Back when BG came out, there were a lot of people complaining about RtwP. Hell, people complained when about Active Time Battle in Final Fantasy games. BioWare took the RtwP to a more action focus direction with their later games (e.g. Jade Empire, Dragon Age: Origins) before progressing into full-on Action RPGs. Which shows there's a spectrum of how detail oriented versus how action oriented an RPG is and games have fallen all along that spectrum. 

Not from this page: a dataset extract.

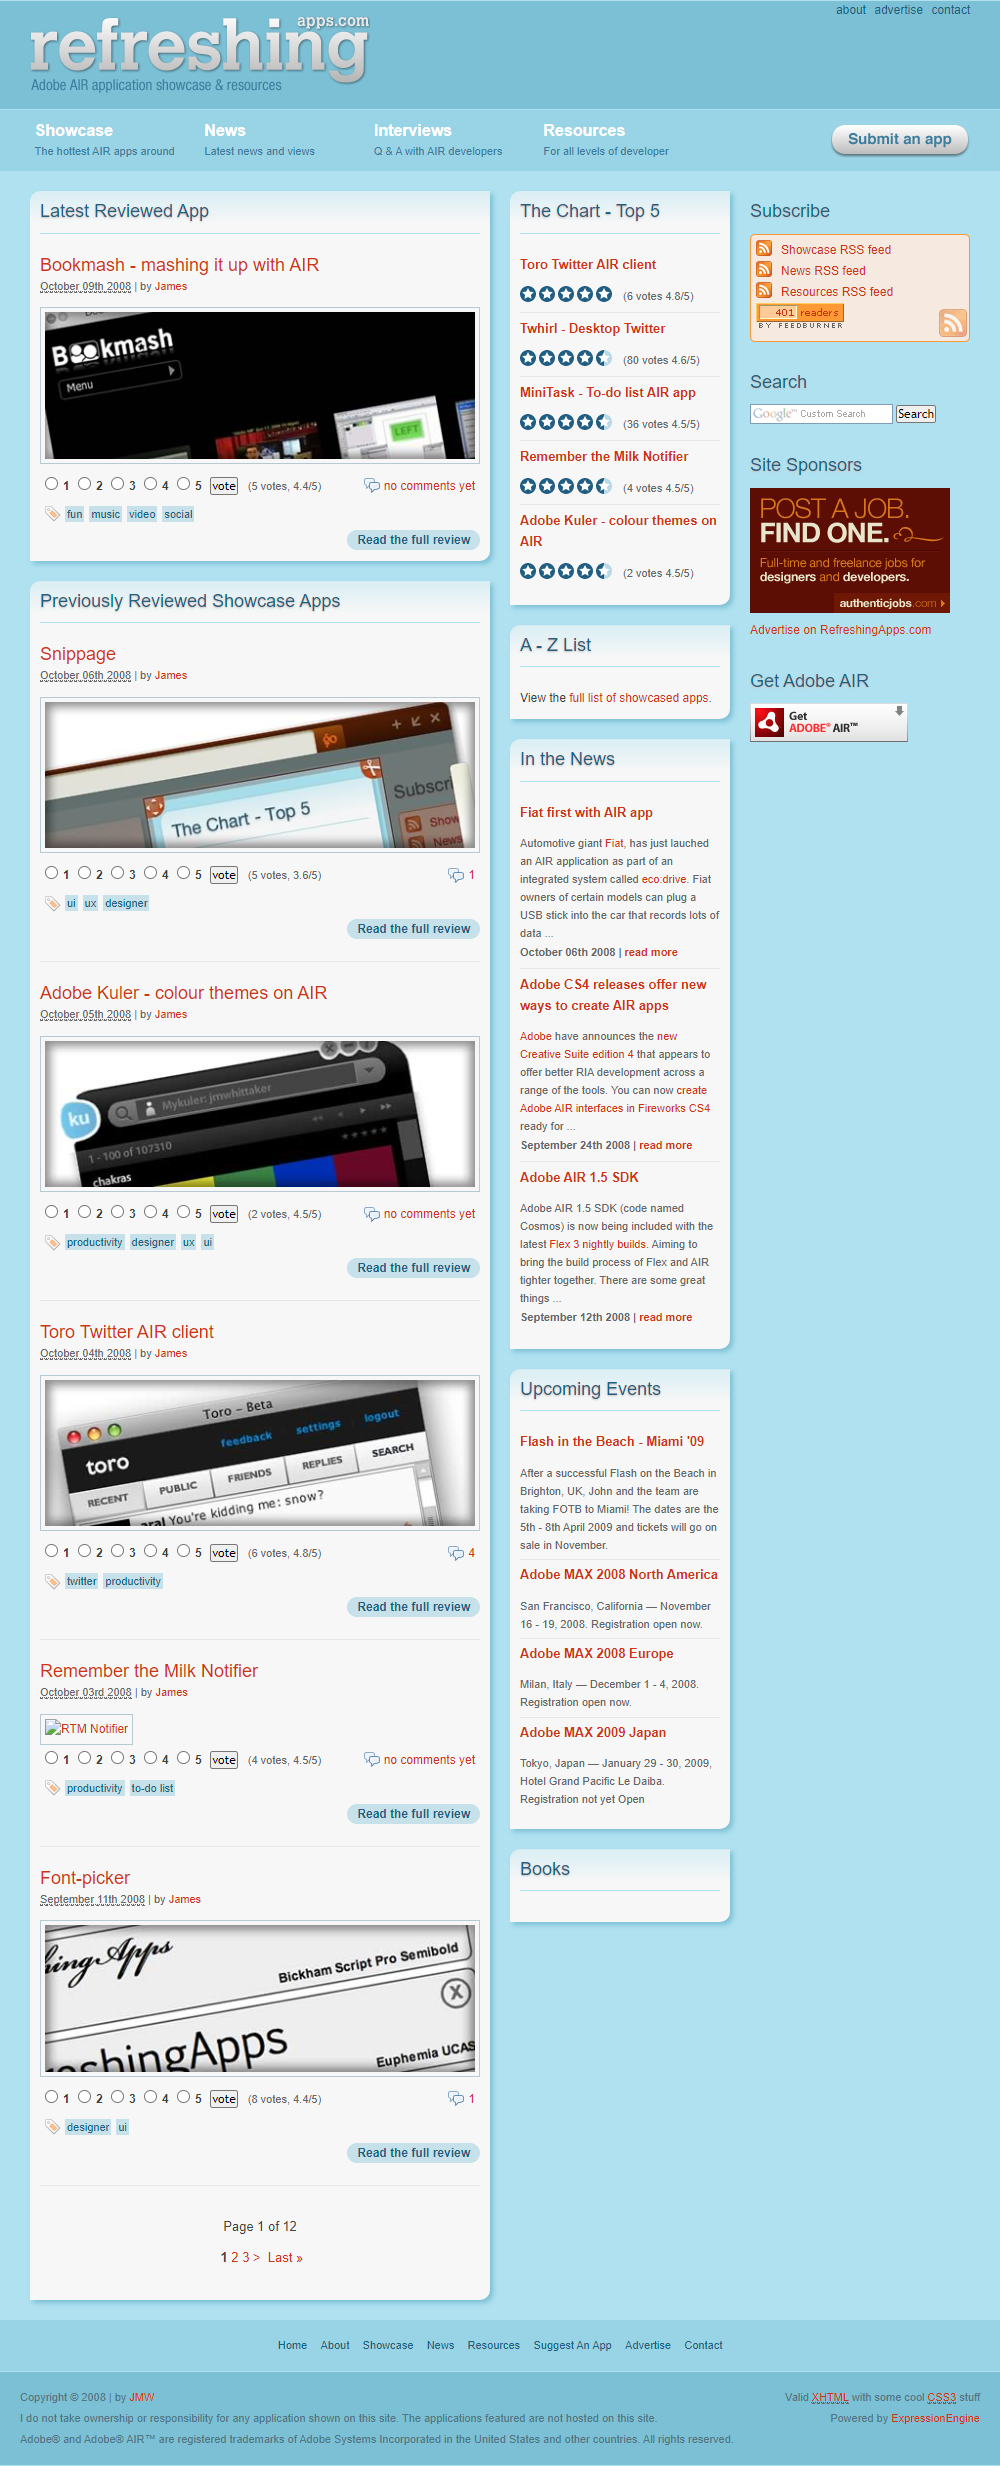 RefreshingApps website in 2008
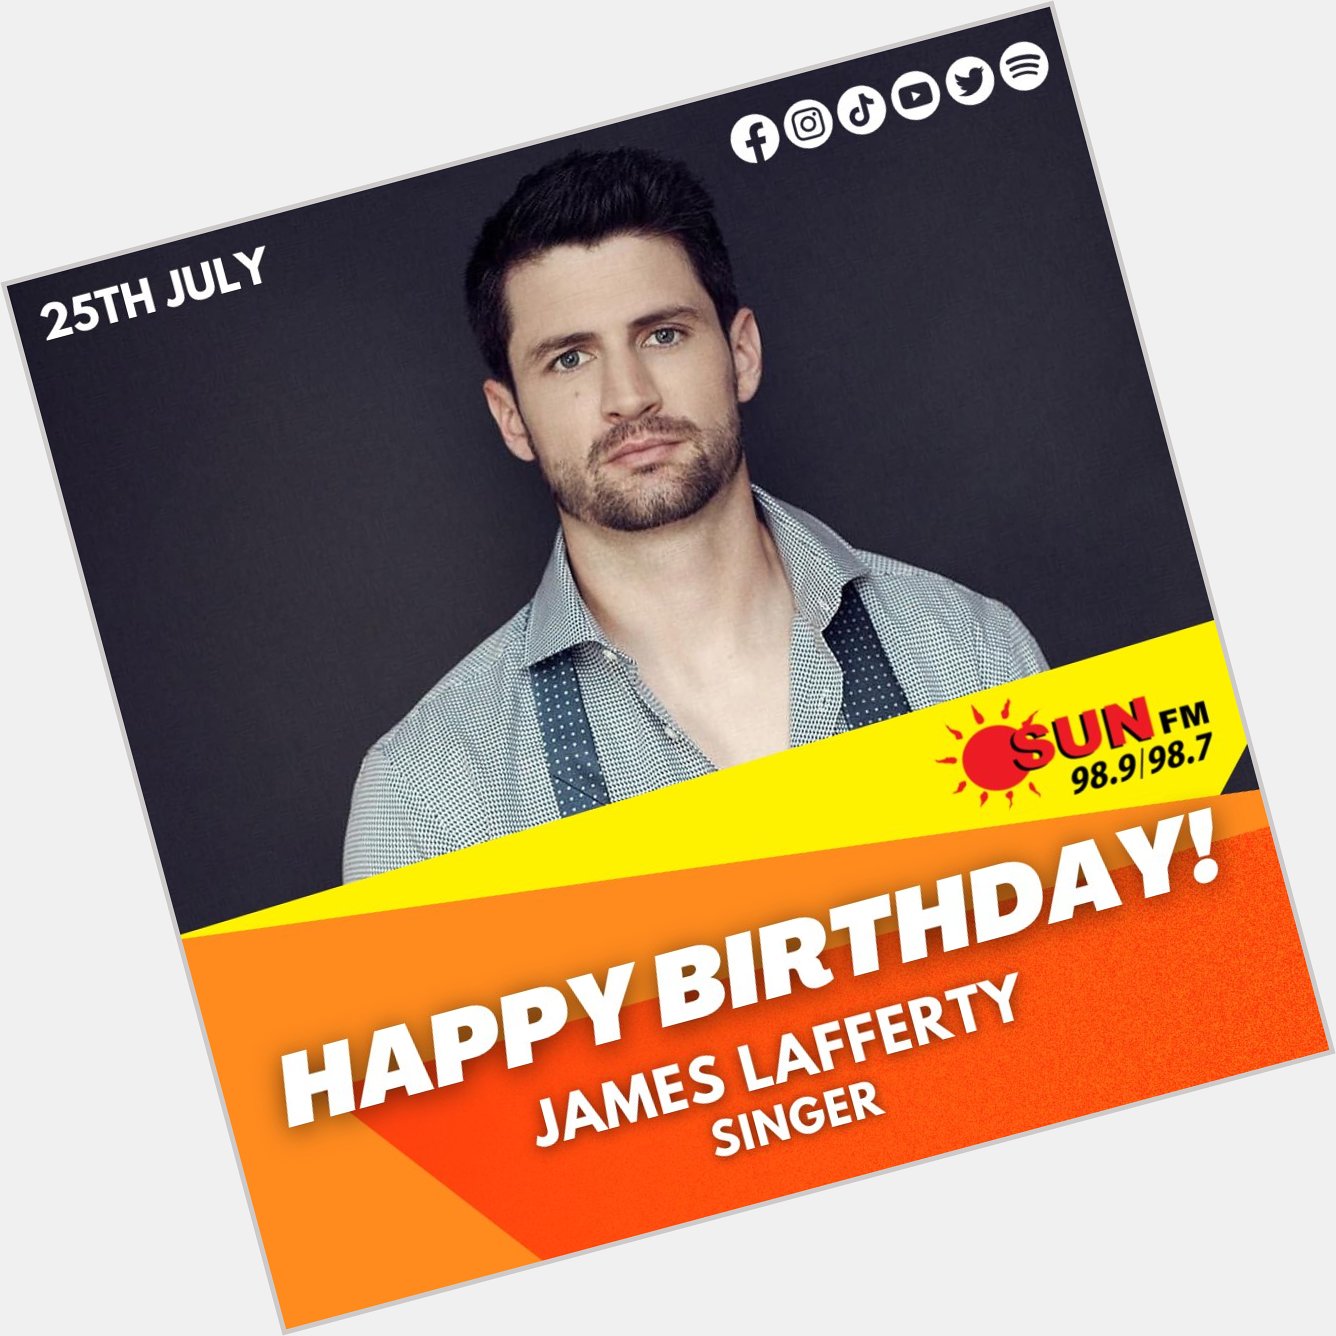 Happy Birthday James Lafferty!

So I'm not surprised people are upset about BG3 being turn-based only. It would just be a different set of people complaining if it was RtwP only.


----------



## Scribe

Ruin Explorer said:


> I think they're more divisive with a certain generation, who are mostly 35-50-ish now, than with younger gamers. People who grew up playing single-player RTSes and Infinity Engine games like BG/IWD/PST and so on are pretty loudly keen on Real-time-with-Pause (RtwP), but there's a ton of pushback on games using it, and games which use turn-based approaches, like DOS1/2, have been generally reviewed better and been better regarded than games which were designed for RtwP. It's to the point now where of the selling-points of Wrath of the Righteous was that it had turn-based built-in from day 1, and the turn-based patch for Kingmaker made it a lot more popular (whereas the turn-based patch for Deadfire showed how Deadfire's system was really well-designed for RtwP and just not great for turn-based).
> 
> I will say I feel kind of vindicated by this because I always favoured turn-based and thought RtwP was an evolutionary dead end.
> 
> I did see one game actually make good use of RtwP, but it was an obscure indie whose name escapes me, with a custom design, not emulating a turn-based tabletop game in way that is inexplicably not turn-based.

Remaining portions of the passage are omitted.